As explained in the ‘Cell borders’ section, arguments where the
values are passed on to ggplot2::geom_*
functions can be
vectors with one value per cell. The drawing order can get a bit
confusing; for the full, top right and bottom left layouts the cells are
drawn from the top left moving down each column; by contrast, for top
left and bottom right layouts cells are drawn from the bottom left
moving up each column (due to the y-axis levels being reversed). The
rows are ordered in their drawing order in the data returned when
return_data
is TRUE
so that can be used as a
reference. However, in general, passing vectors to static aesthetics in
ggplot2
can become tricky and adding another geom to the
output plot is more robust.
plot_list <- gghm(scale(mtcars), return_data = TRUE, border_col = NA,
col_scale = scale_fill_gradient2(low = "deepskyblue", mid = "white", high = "salmon"))
# Add own labels based on value (also possible by supplying a matrix to cell_labels)

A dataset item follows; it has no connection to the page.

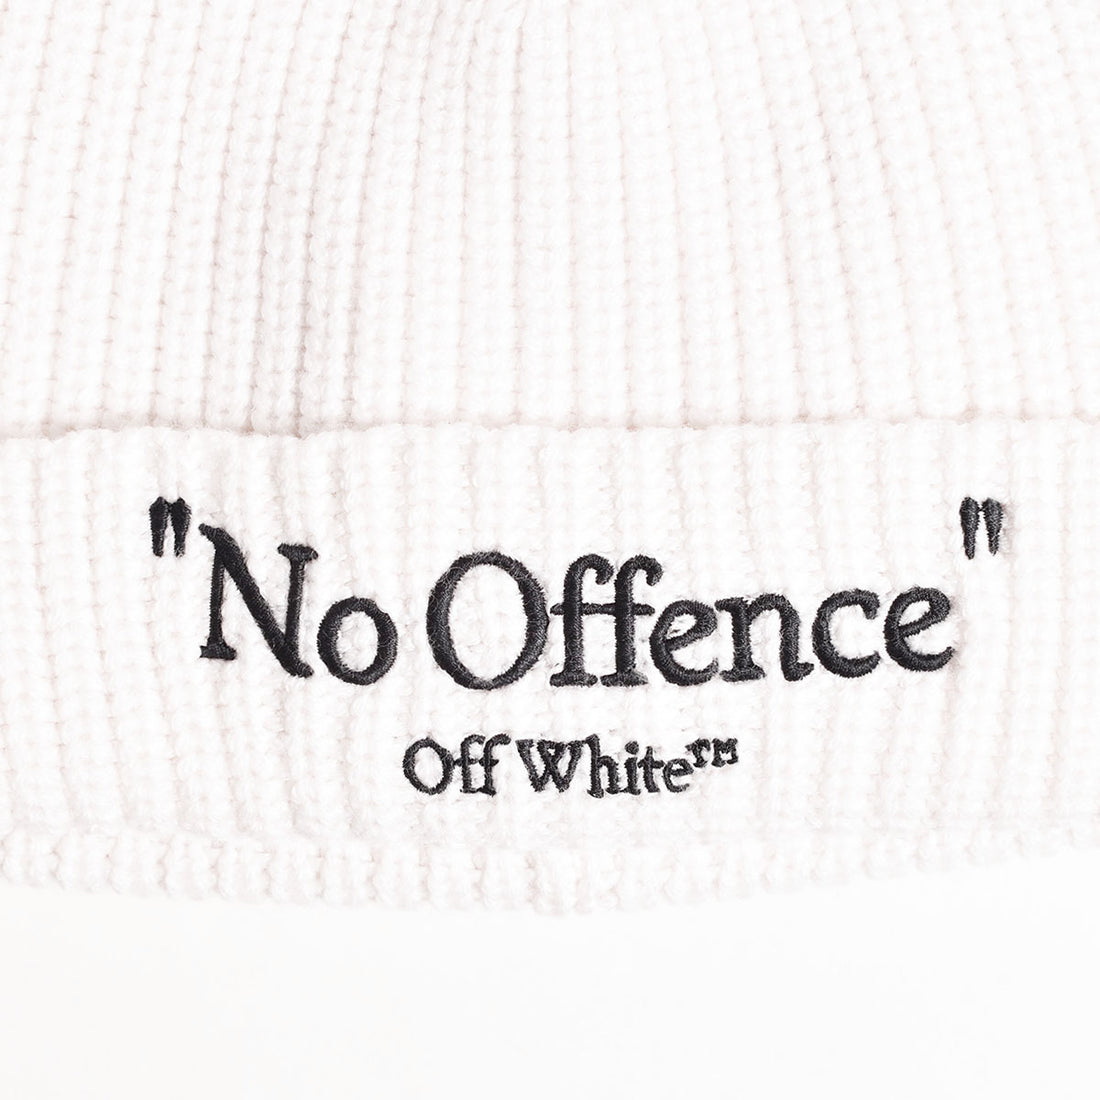 [Off-White]NO OFFENCE CLASSIC KNIT BEANIE/IVORY/BLACK(OMLE23-RTW0820)

plot_list$plot_data$lab <- ntile(plot_list$plot_data$value, 5)
plt1 <- plot_list$plot +
geom_text(aes(label = lab), plot_list$plot_data, size = 3)
# Or maybe points (cell_labels uses `geom_text` so the asterisks would not be positioned in the middle of the cells)
plot_list$plot_data$lab <- ifelse(plot_list$plot_data$value > 1 |
plot_list$plot_data$value < -1, "*", NA)
plt2 <- plot_list$plot +
geom_point(data = subset(plot_list$plot_data, !is.na(lab)), shape = "*", size = 4)
plt1 + plt2
There are many arguments, allowing for quite some flexibility in the heatmap layout. Most of the arguments are showcased in the articles, hopefully they can be of some help. They go more into making correlation heatmaps, clustering and annotation, making mixed layout heatmaps, and ways to deal with legends.